Who Owns Bitcoin? Private (International) Law Facing the Blockchain
The widespread use of virtual currencies and other crypto assets may lead to problems that have been well-known for centuries in private law. The media reveal on an almost daily basis numerous cases of transfers that are the result of either fraud or coercion. Less reported, but equally possible is that the transferor commits a mistake or lacks legal capacity when making the transfer. Besides problems with faulty transfers inside the blockchain (which may be called ‘endogenous problems’), there may also be a need to change the blockchain because of events that take place outside of it (to be called ‘exogenous problems’). Examples include the opening of insolvency proceedings or a succession into the estate of the holder of crypto assets.
The Distributed Ledger Technology (DLT) is incapable of dealing with both types of problems: Neither does it provide a mechanism to reverse faulty transfers, nor does it allow for a transfer of title outside the blockchain. DLT was designed to avoid the risk of double spending, yet it does not solve other problems that are standard in private law.

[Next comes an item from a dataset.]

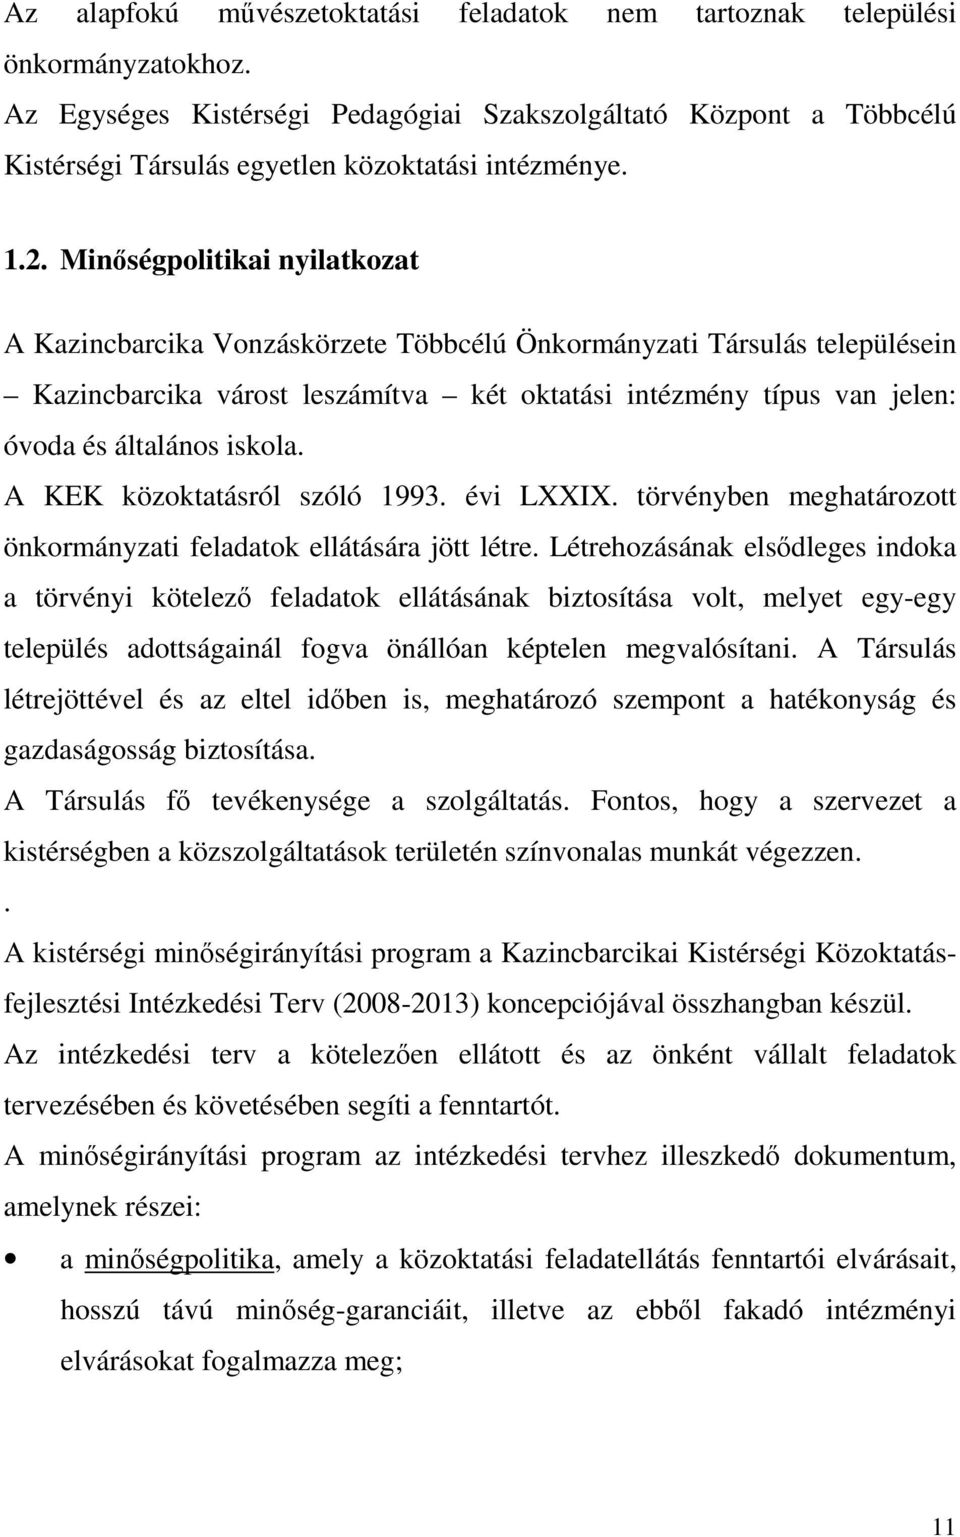 Minőségpolitikai nyilatkozat A Kazincbarcika Vonzáskörzete Többcélú Önkormányzati Társulás településein Kazincbarcika várost leszámítva két oktatási intézmény típus van jelen: óvoda és általános

One could of course simply try to impose the ordinary rules of private law on the blockchain, such as those on fraudulent transfer or on the effects on insolvency. Two characteristics of the DLT make this enterprise very tricky. The first is the irreversibility of the blockchain. Once a transaction is recorded, it becomes virtually impossible to correct or delete it from the ledger. How can private law fulfil its corrective function under these circumstances? The second problem is caused by the a-national nature of the DLT. Before one can apply any rule of private law, one needs to clarify the governing law. Private international law is centred on the idea that the legal system with the closest connection applies. Yet given that the DLT is not connected to any particular state, how can such a connection be identified?
I have dealt with these questions in a recent paper forthcoming in the Minnesota Journal of Law, Science & Technology. The gist is as follows: The irreversibility problem can be resolved by the obligation to make a transfer. For instance, a person who has received a certain amount of Bitcoin by error could be obliged to send back the same amount. A transfer obligation may also be the remedy of choice to effectuate the rights of an insolvency administrator or the heir of an estate.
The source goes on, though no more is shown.